▶ **TASK ITEM**
From the line with "On the picture" to the final line of the data below, please write out every line exactly, with no pictures.

▶ **DATA SHOWN**
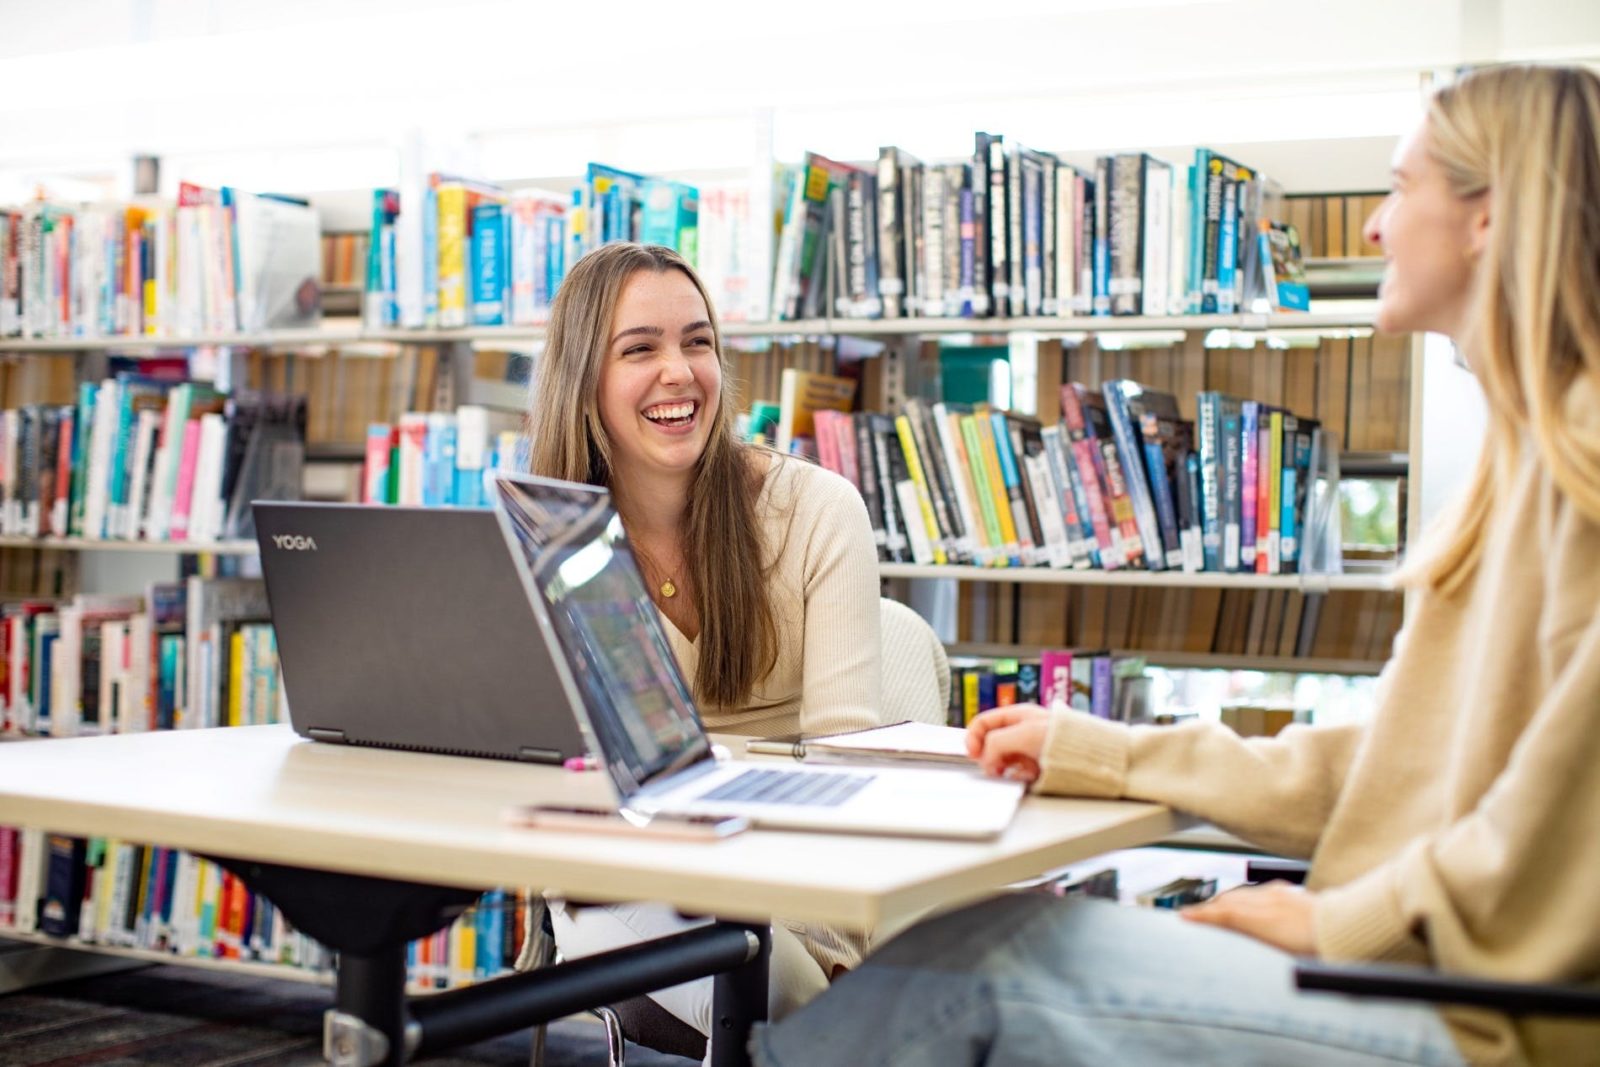 Two young women laugh while working on laptops in the library
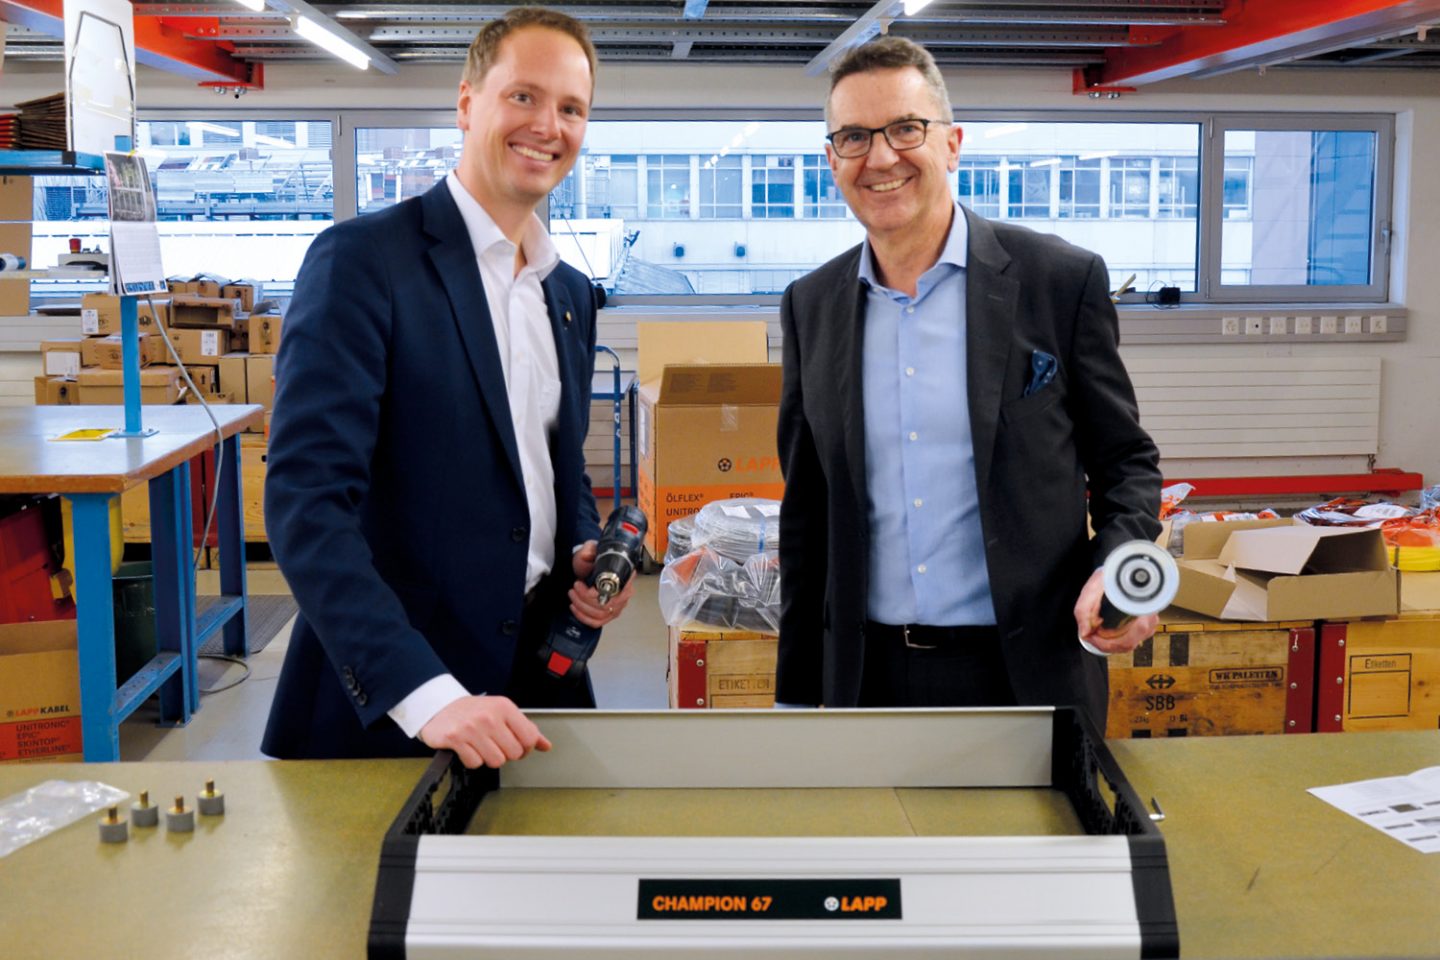 On the picture you can see Matthias Lapp, CEO U.I. Lapp GmbH (left) and Reto Volland, Managing Director Volland AG (right) in front of the LAPP Champion
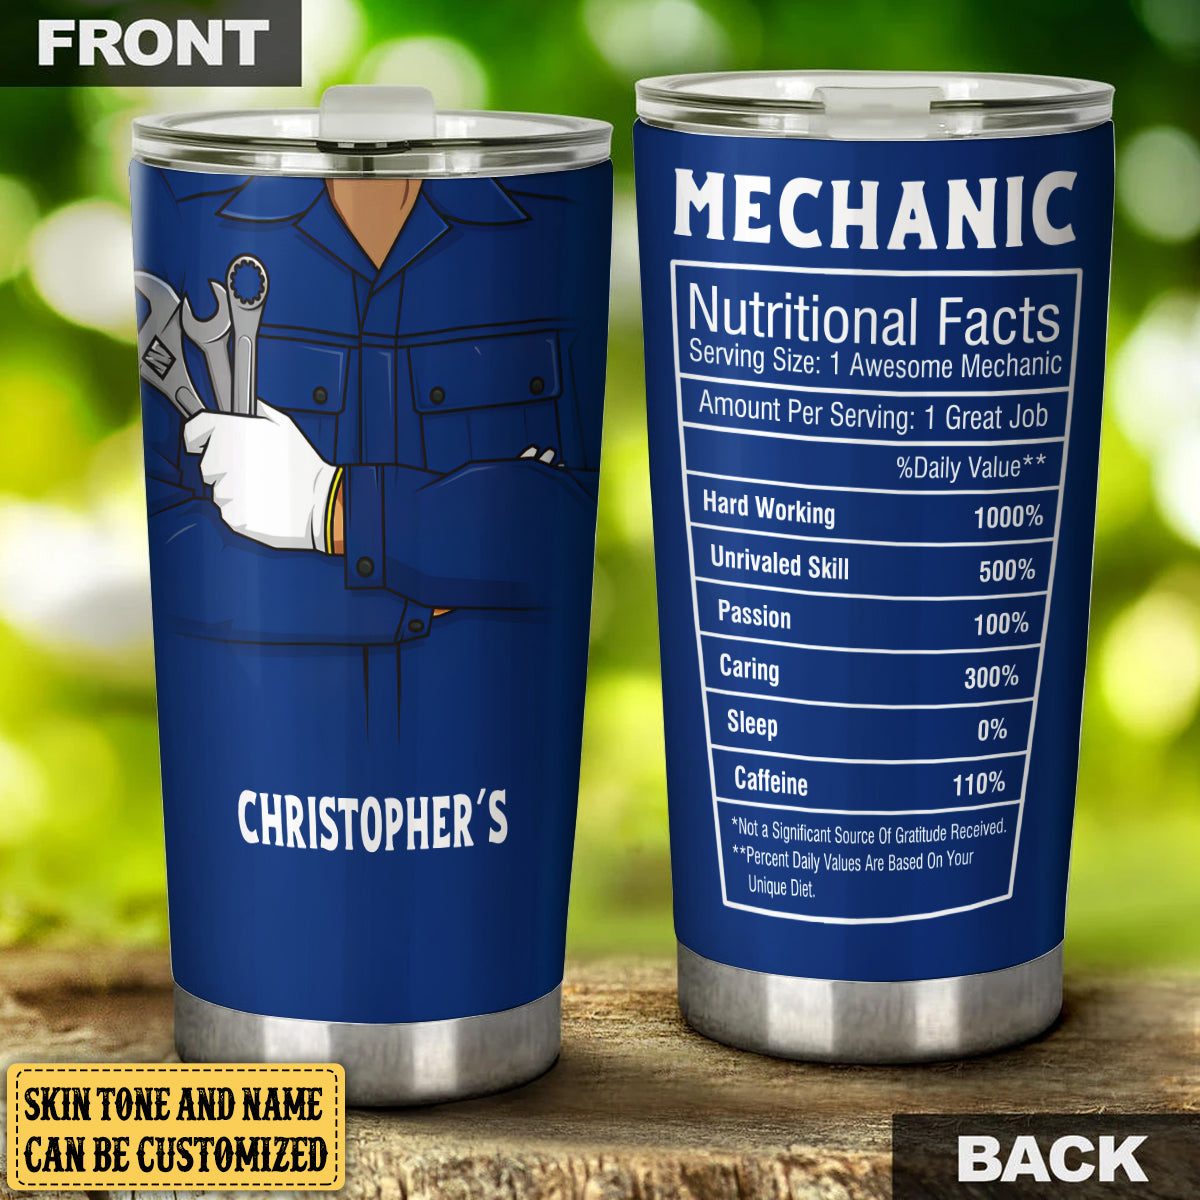 Personalized Mechanic Nutritional Facts Tumbler

▶ **WRITTEN RESPONSE**
 On the picture you can see Matthias Lapp, CEO U.I. Lapp GmbH (left) and Reto Volland, Managing Director Volland AG (right) in front of the LAPP Champion
 Personalized Mechanic Nutritional Facts Tumbler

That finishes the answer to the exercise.